Joe Biden
Credit: Joe Biden/Flickr

By provoking an insurrection on Capitol Hill, Donald Trump may have accomplished what none of his previous authoritarian and outrageous actions could: splitting the Republican Party. Sizable minorities of GOP voters believe the siege was incited by Trump—28 percent according to YouGov, 41 percent according to Morning Consultant. And an astonishing 25 percent of those who voted for Trump in November want him removed from office immediately, according to an Avalanche Insights poll.

For Democrats, this creates a major opportunity. In order to expand their very narrow majorities and keep authoritarians out of power, the party will need to permanently capture at least a small share of these disaffected Republicans. But to do so, Democrats will need ideas that can help these voters feel permanently welcome. Their current platform, a logical progression of platforms past, was not enough to win decisively in 2020 and probably won’t be enough to protect their congressional majority in 2022.

In this issue of the Washington Monthly, we outline ideas that can help Democrats convert erstwhile Republicans without abandoning progressive principles. Daniel Block argues that Joe Biden should prioritize liberating local governments from a variety of state and federal restrictions imposed on them by Trump and the GOP. Doing so will have policy advantages, like helping progressive cities carry out climate plans that Republican state governments have stonewalled. But it will also have political advantages. Poll after poll shows that most Americans trust local governments far more than the federal government, including an overwhelming majority of Republicans. By becoming the party of local power, Democrats can attract disillusioned members of the GOP.

Elsewhere, Barry Lynn explains how the president-elect can remake U.S. politics and economics through antitrust enforcement. Antitrust may not seem like something Republicans would endorse, but there are plenty of conservatives who share liberals’ concerns about the power of major corporations like Facebook. Also in this issue, Colin Woodard shows how Democrats can craft a civic national narrative for America that displaces Trump’s ethno-nationalist one. After seeing rioters march a Confederate flag through the halls of Congress, plenty of center-right Americans may be willing to embrace the party that finally ends the Lost Cause.

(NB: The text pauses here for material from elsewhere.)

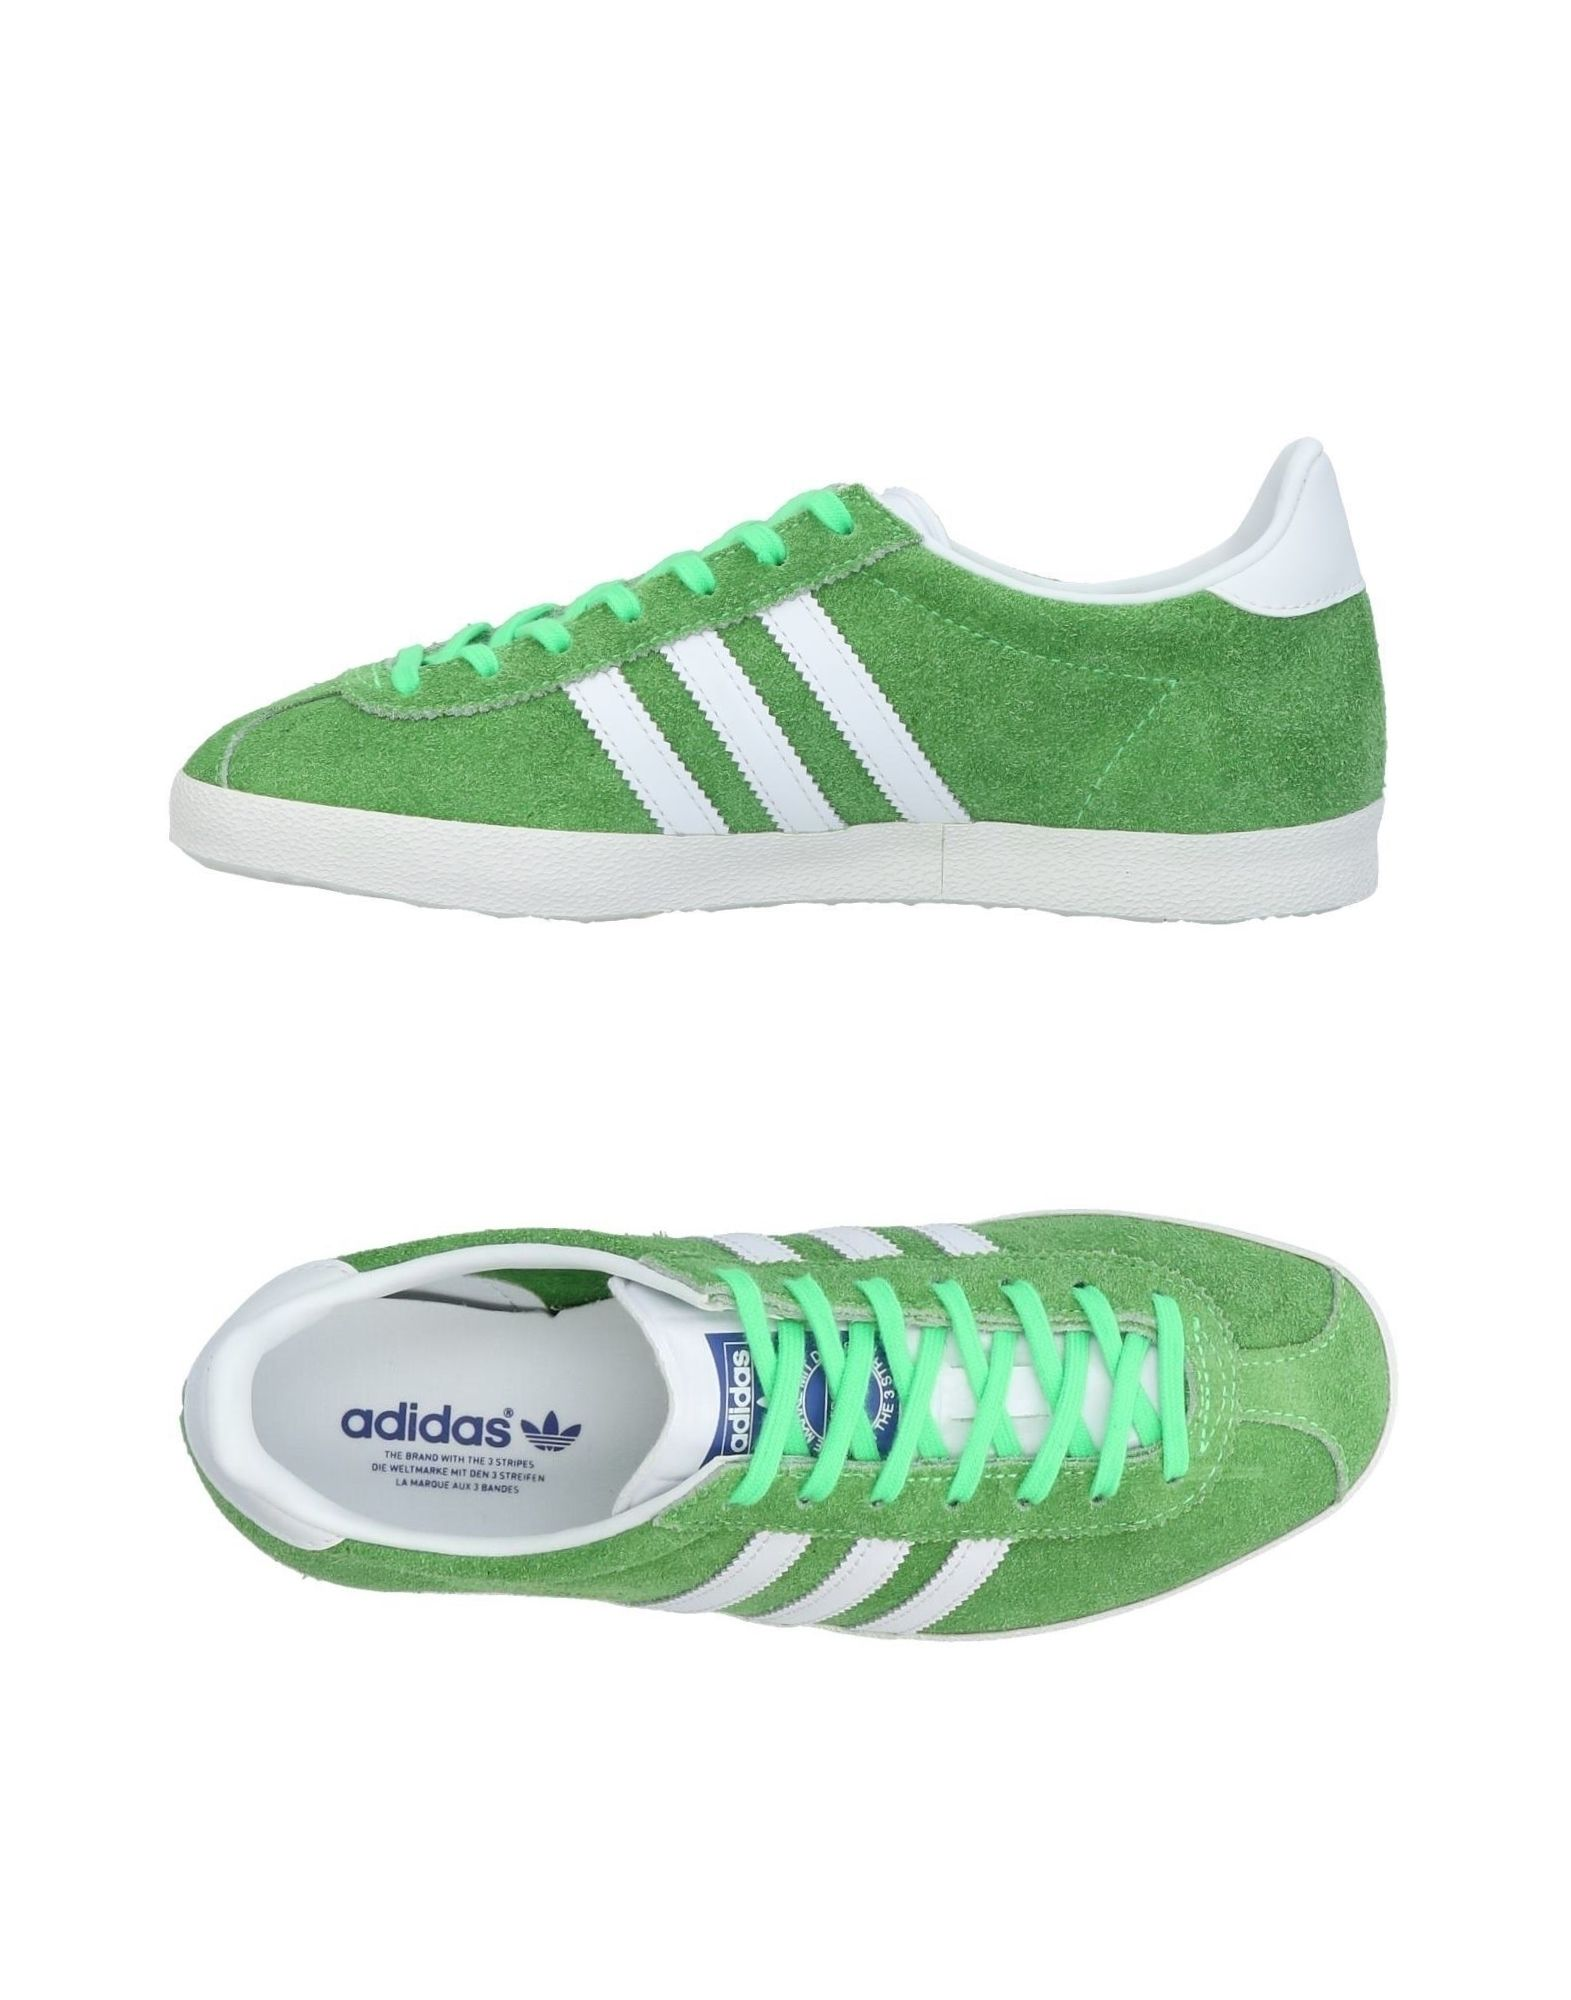 Adidas Originals Sneakers Herren    11448096UL Neue Schuhe ddf7a9

Winning more voters is an urgent task for Democrats, and the party must act fast. Trump may be on his way out of office, but his ideology will survive. Republican politicians are already at work absolving themselves of responsibility for the riot and instead blaming it on the left. Our battle lines will again harden, and the trench warfare will resume. Democrats have an opening in which to lock in their new-found political power and make genuine progress for the country. They must take it.